- _ASSIGNMENT_: Transcribe the listing exactly, leaving out every picture.

- _DATASET SECTION_:
_ _ _

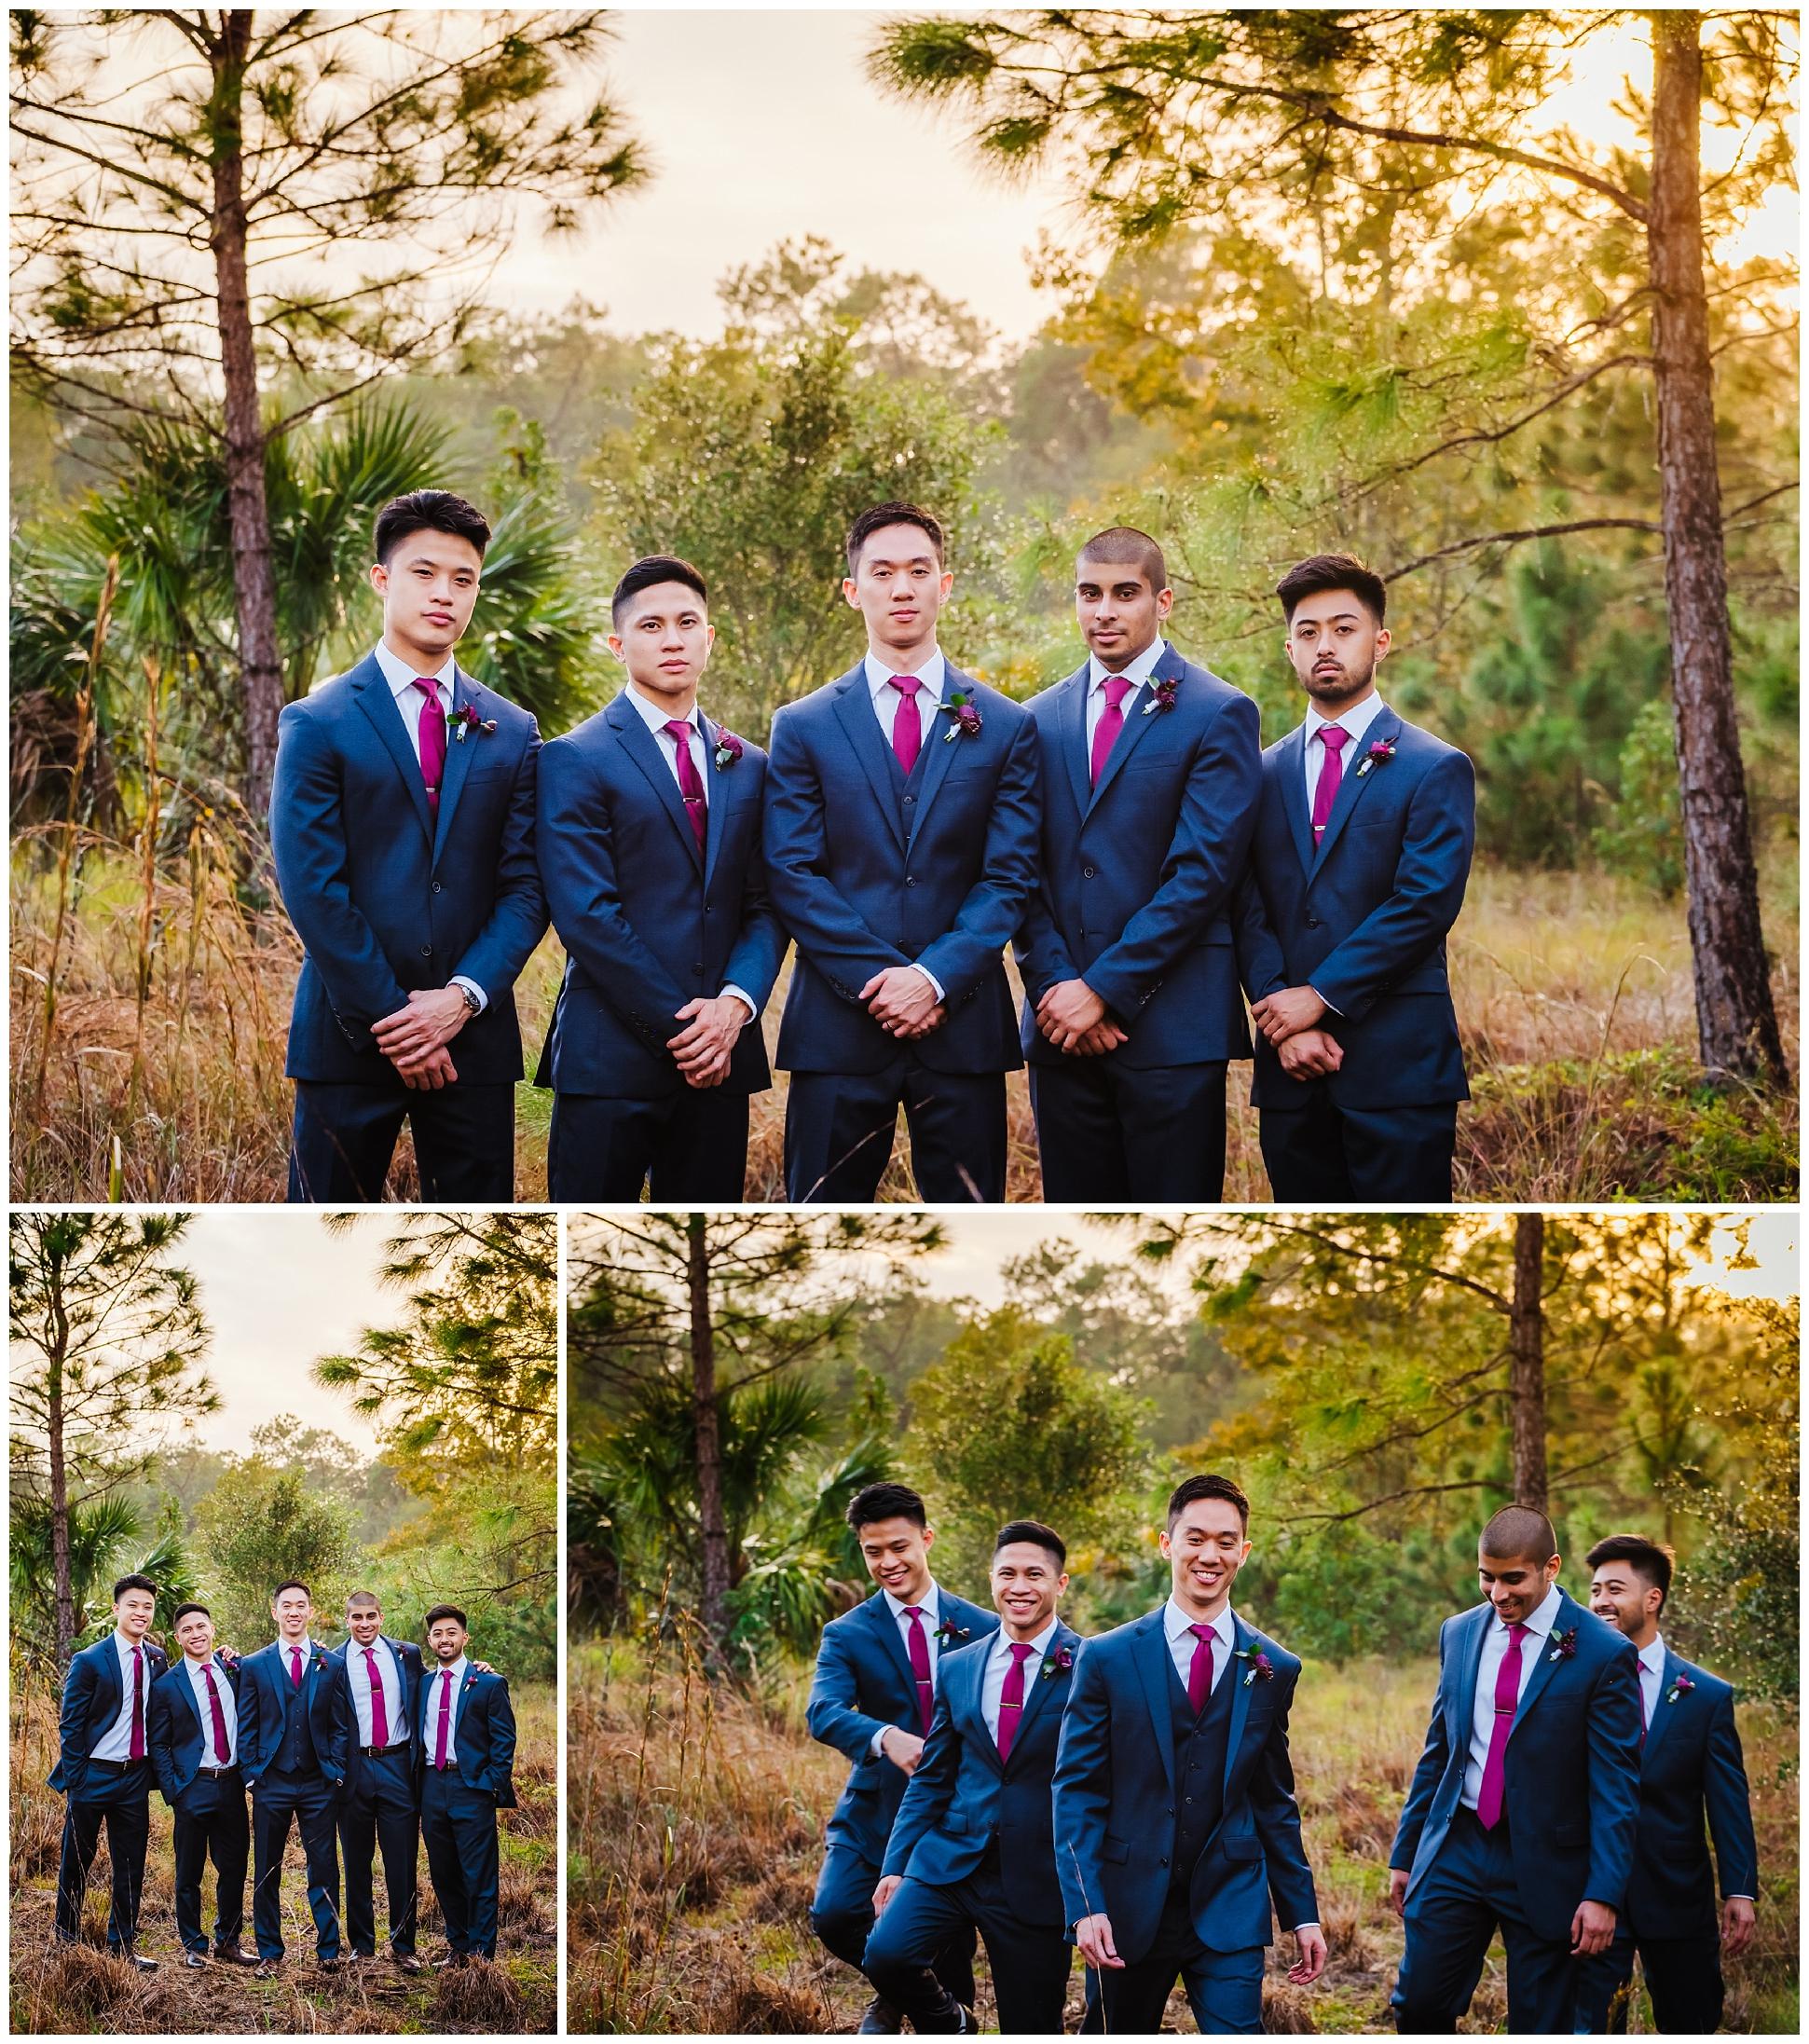 tampa-wedding-photographer-philipino-colorful-woods-ballroom-church-mass-confetti-fuscia_0051.jpg
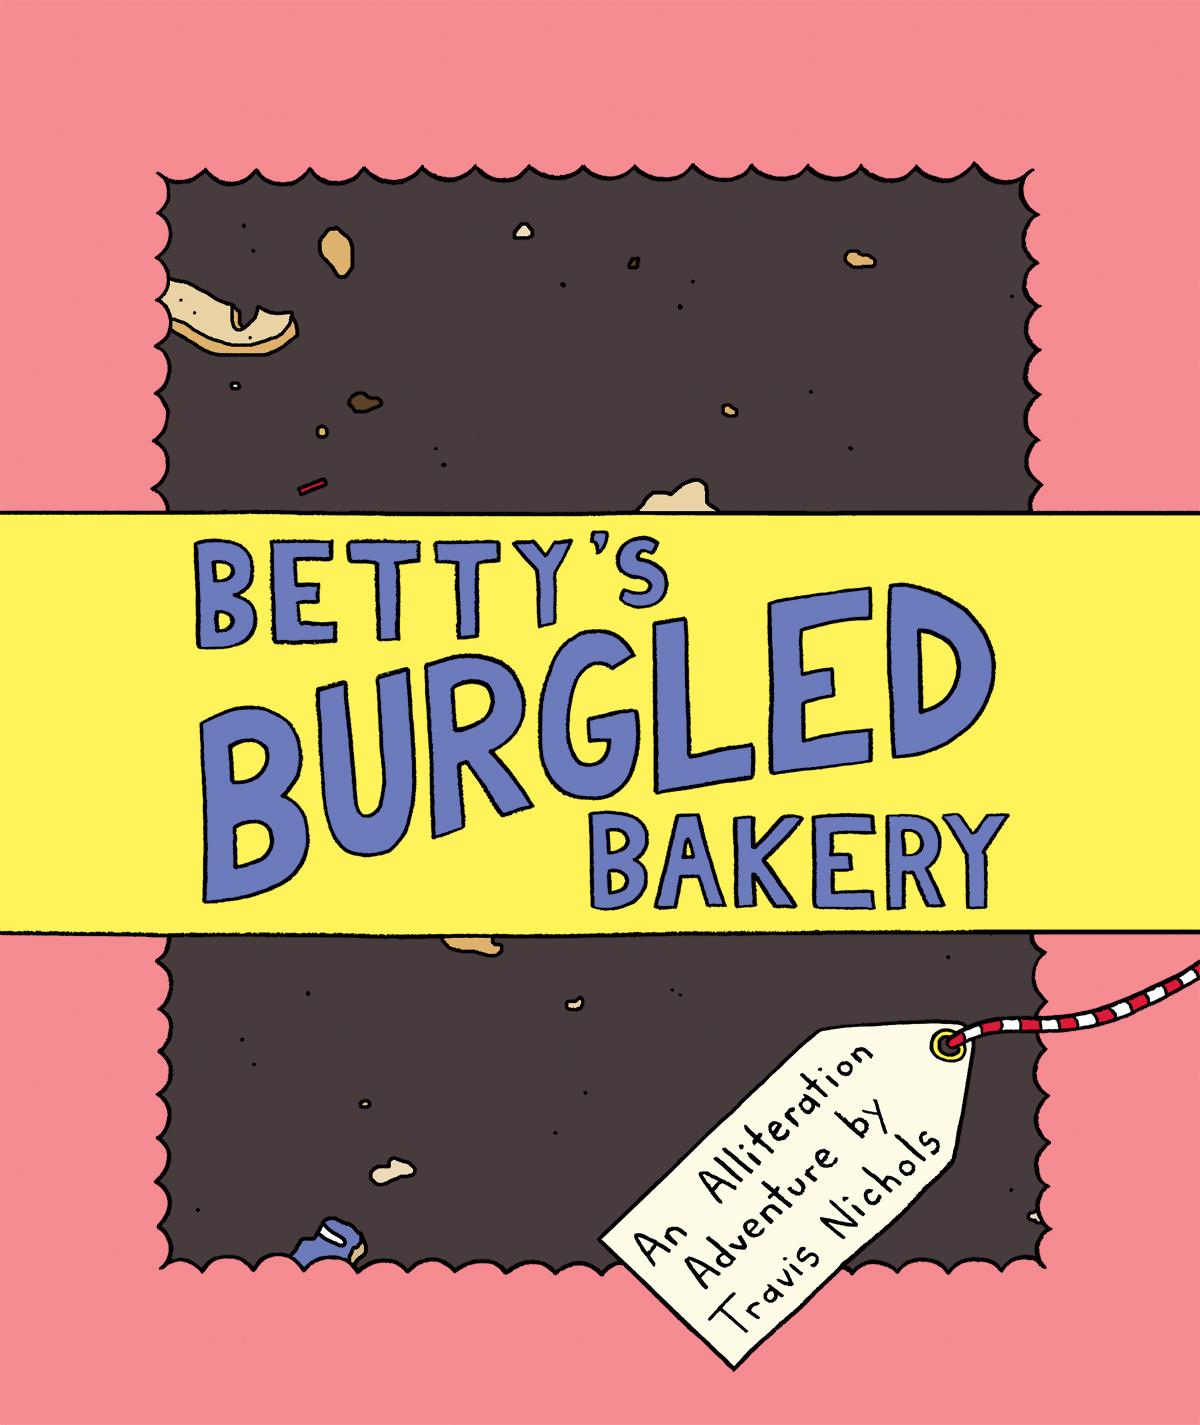 Betty's Burgled Bakery by Travis Nichols
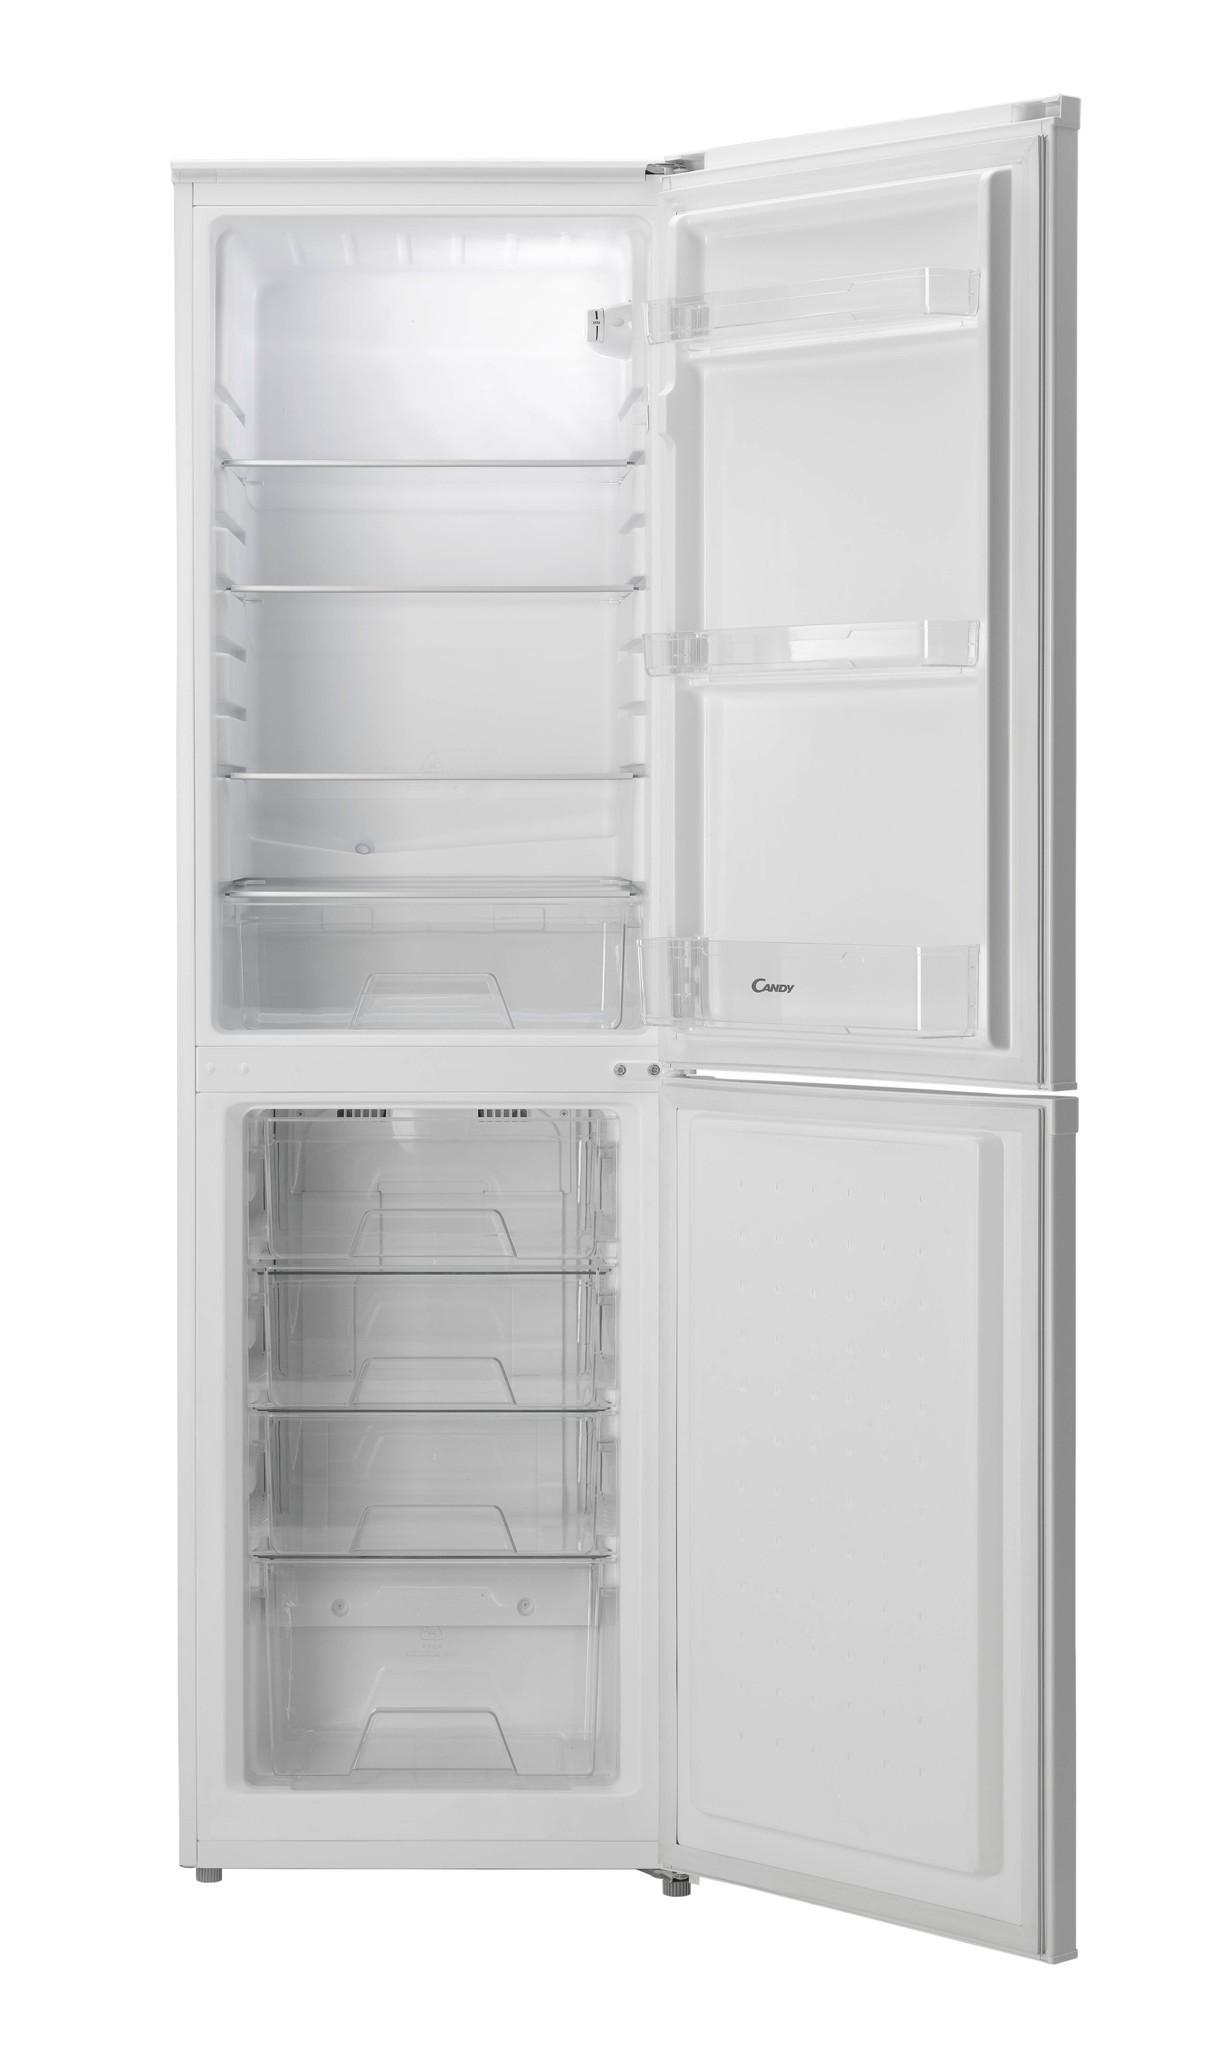 Candy CCBF5182WK Fridge Freezer

_ _ _

- _RESULT FOR THIS EXERCISE_:
 tampa-wedding-photographer-philipino-colorful-woods-ballroom-church-mass-confetti-fuscia_0051.jpg
 Betty's Burgled Bakery by Travis Nichols
 Candy CCBF5182WK Fridge Freezer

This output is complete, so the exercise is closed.